# What you will do
Repeat exactly the line with "Рыбалка Plus, журнал. 2011 №11 стр.23" and each line after it to the end of the data below; pictures stay out.
### Available data ###
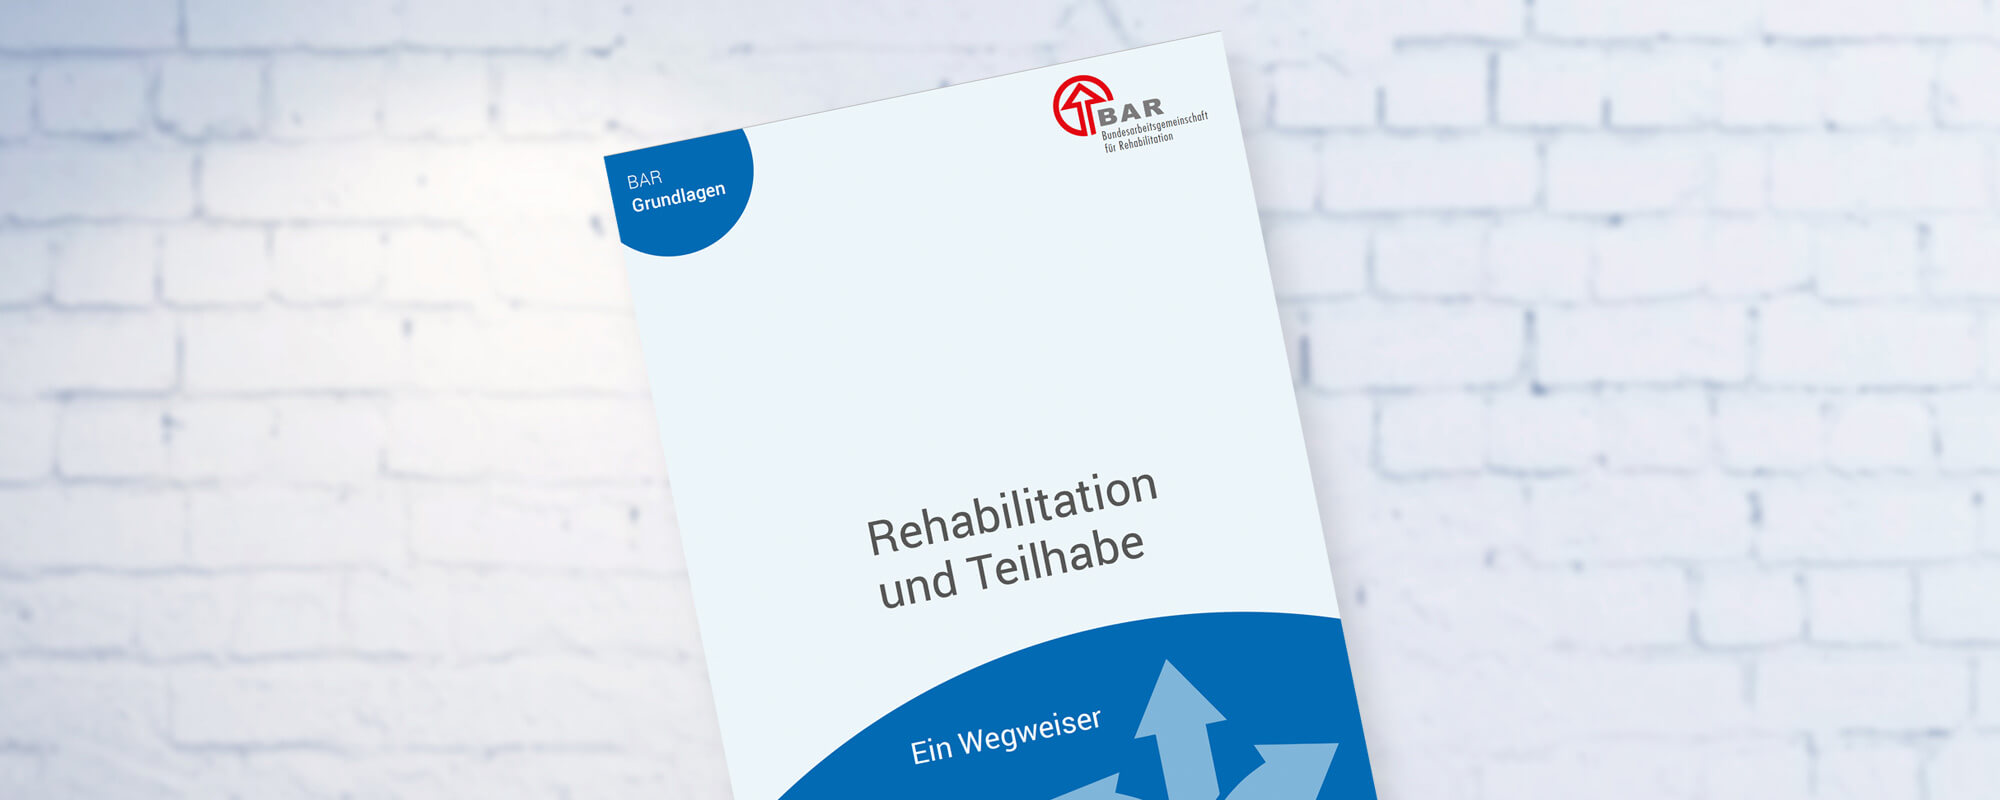 Titelbild der Broschüre "Rehabilitation und Teilhabe" der Bundesarbeitsgemeinschaft für Rehabilitation e. V. (BAR)
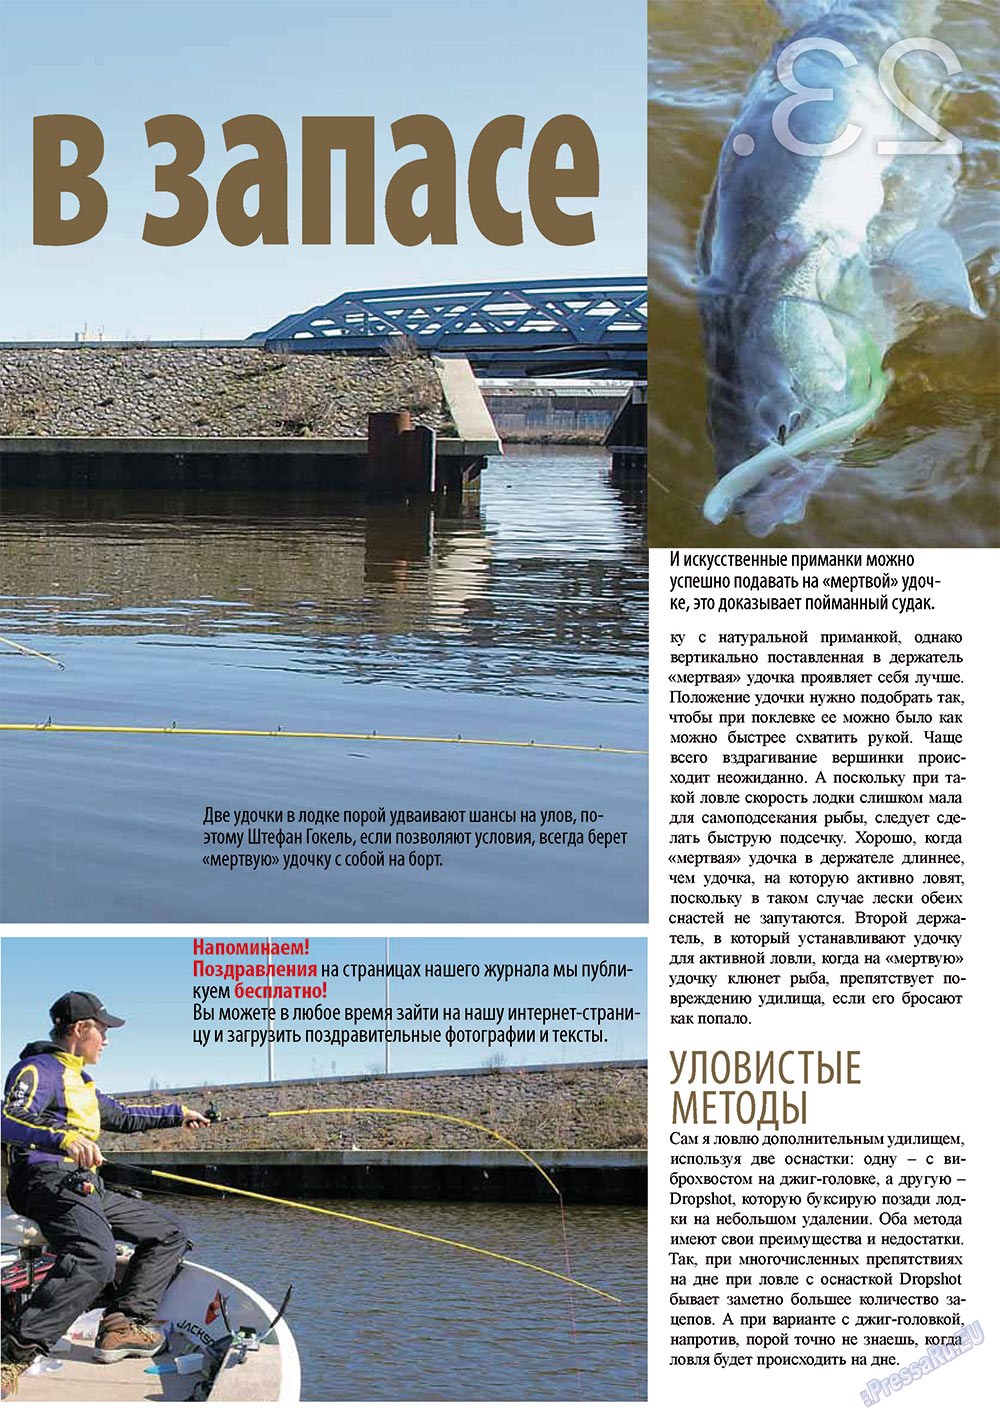 Рыбалка Plus, журнал. 2011 №11 стр.23
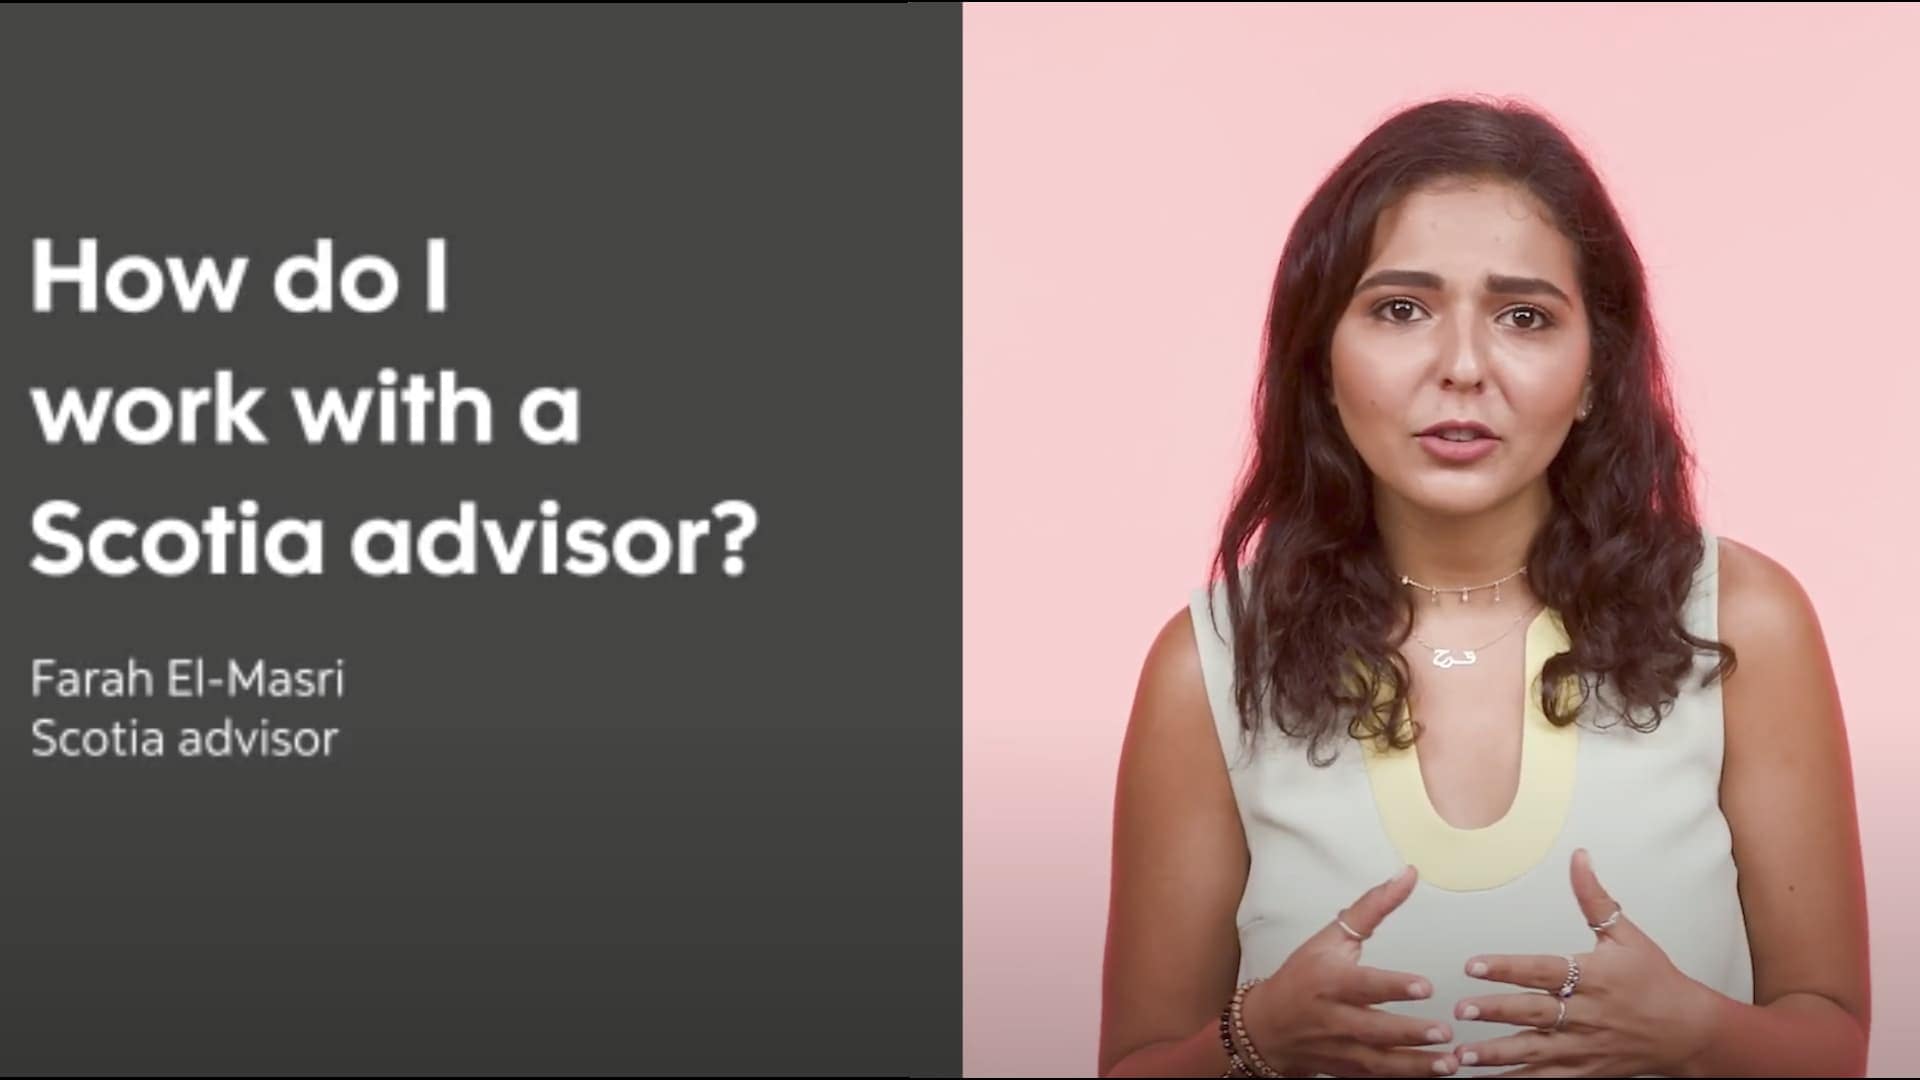 How do I work with a Scotia advisor? Farah El-Masri, Scotia advisor
###
# Expected answer
 Рыбалка Plus, журнал. 2011 №11 стр.23
 How do I work with a Scotia advisor? Farah El-Masri, Scotia advisor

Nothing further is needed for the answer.